Otoimmün hastalarına yakalananların ABD deki sayısı 80 milyon kişi. Tüm dünyada 150 milyon olduğu tahmin ediliyor.

Bu sayıların çok daha yüksek olduğu söylenebilir, zira hedefledikleri dokulara saldırmaya hazır karşıkor (antibadi) lar hastalık belirtileri çıkmadan çok daha evvel oluşmakta.

Dr. David Brady, bu durumun 30 yıldır gelişen bir salgın (epidemik) olduğunu söylüyor.

Peki vücutlar neden böyle oldu?

  1. Şeker, tahıl, yapay tatlandırıcı, işlenmiş gıdalar, vb. besinlerin tüketiminin artması ve bu nedenle bağışıklık sistemimizin % 75-90 ını oluşturan bağırsak sistemimizin sağlıksızlaşması
  2. Kötü beslenmenin sonucu olarak müzmin yangı (kronik enflamason) oluşumunun artması
  3. Hareketsizlik
  4. Tehlikeli kimyevi maddelere maruz kalmak
  5. Stres, yetersiz uyku
  6. Kötü kimyevi maddeler içeren sabun ve şampuanların sık kullanılması ve bunun sonucunda beraber yaşamamız gereken 100-700 trilyon olarak tahmin edilen bakterinin (mikrobiyomumuz) zarar görmesi
  7. Antibiyotik, antasit gibi ilaçlarının kullanımındaki artış

Dr. Liz Lipski bunu çok anlaşılır bir şekilde tanımlıyor:

Eski günlerde, bağışıklık sistemimizin işi oldukça yoğundu. Bugün, haylazlık yapmak için bol vakti olan gençlere benziyor bağışıklık sistemimiz. Bir yaş günü partisinde pastadaki mumları üfleyeceklerine, yangın söndürme aletine davranıyorlar.

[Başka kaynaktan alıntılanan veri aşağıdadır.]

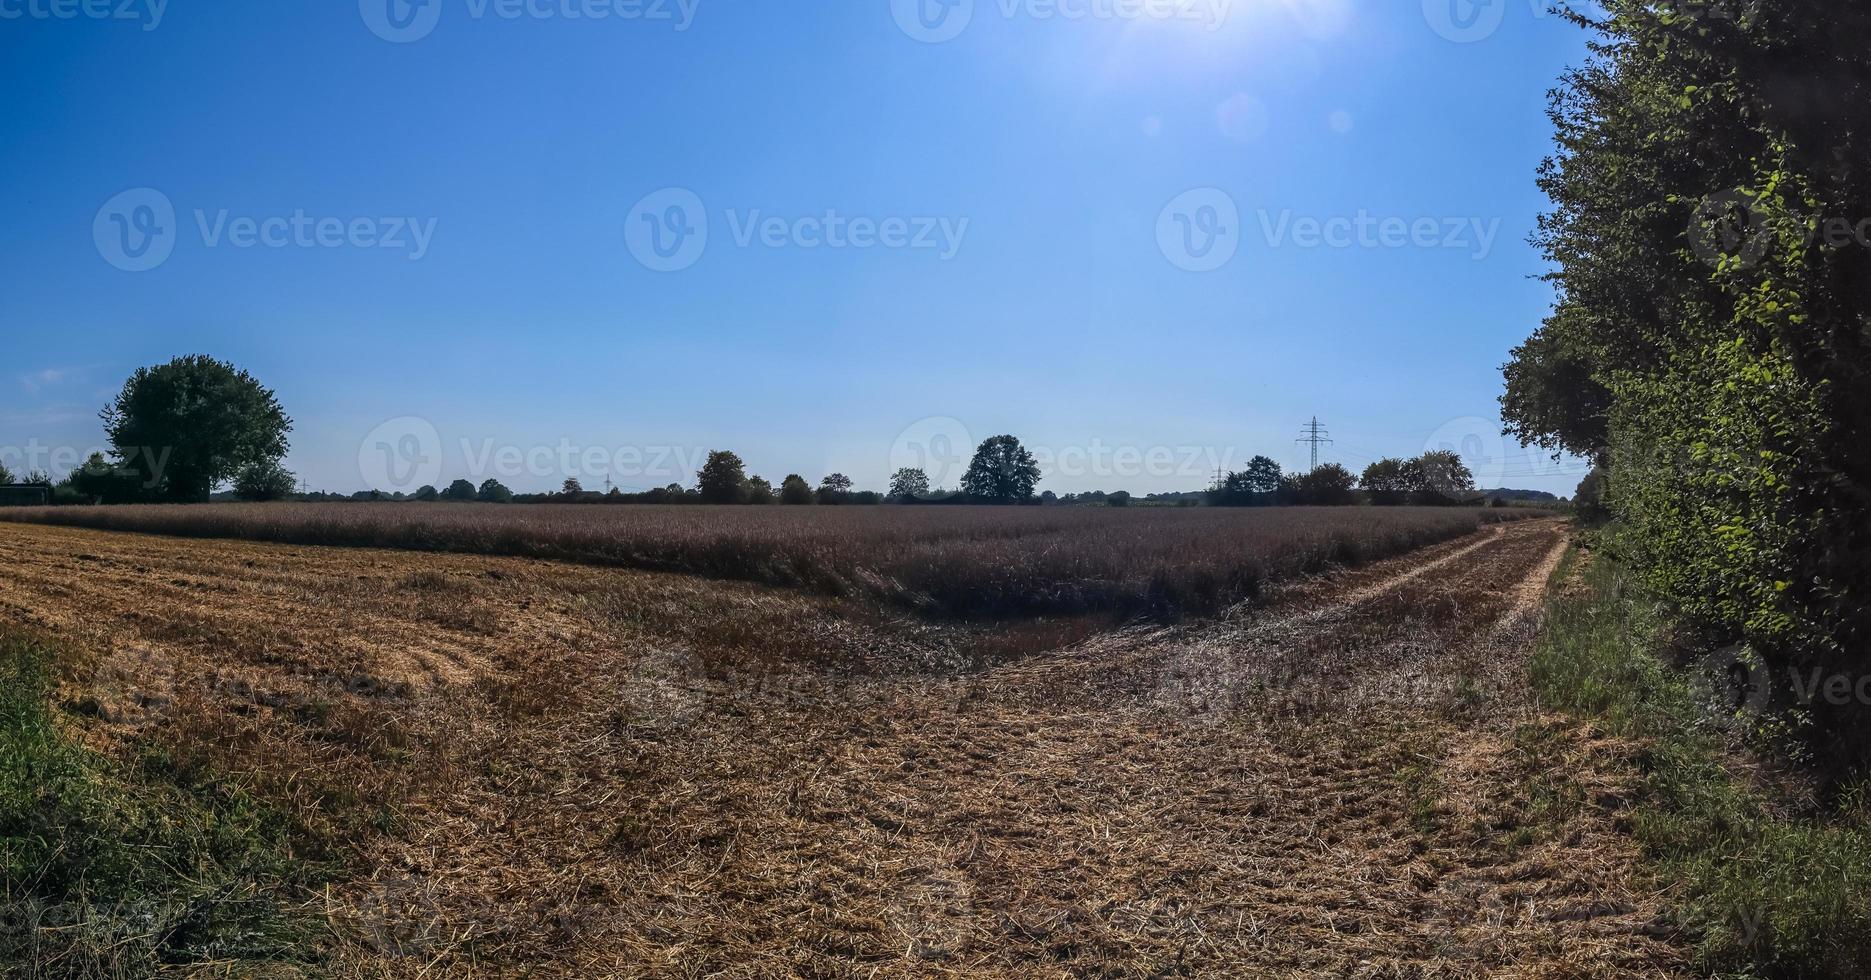 prachtig panorama met hoge resolutie van een Noord-Europees landlandschap met velden en groen gras foto

Bağışıklık sistemimizin bozulma nedenlerini özetledik; şimdi işin tedavi/önleme tarafına bir göz atalım.

Klasik tıp, bunun üstesinden gelmek için yeterli bilgiye sahip değil. Tıp fakülteleri beslenme üzerine eğitim sağlamıyorlar, neredeyse.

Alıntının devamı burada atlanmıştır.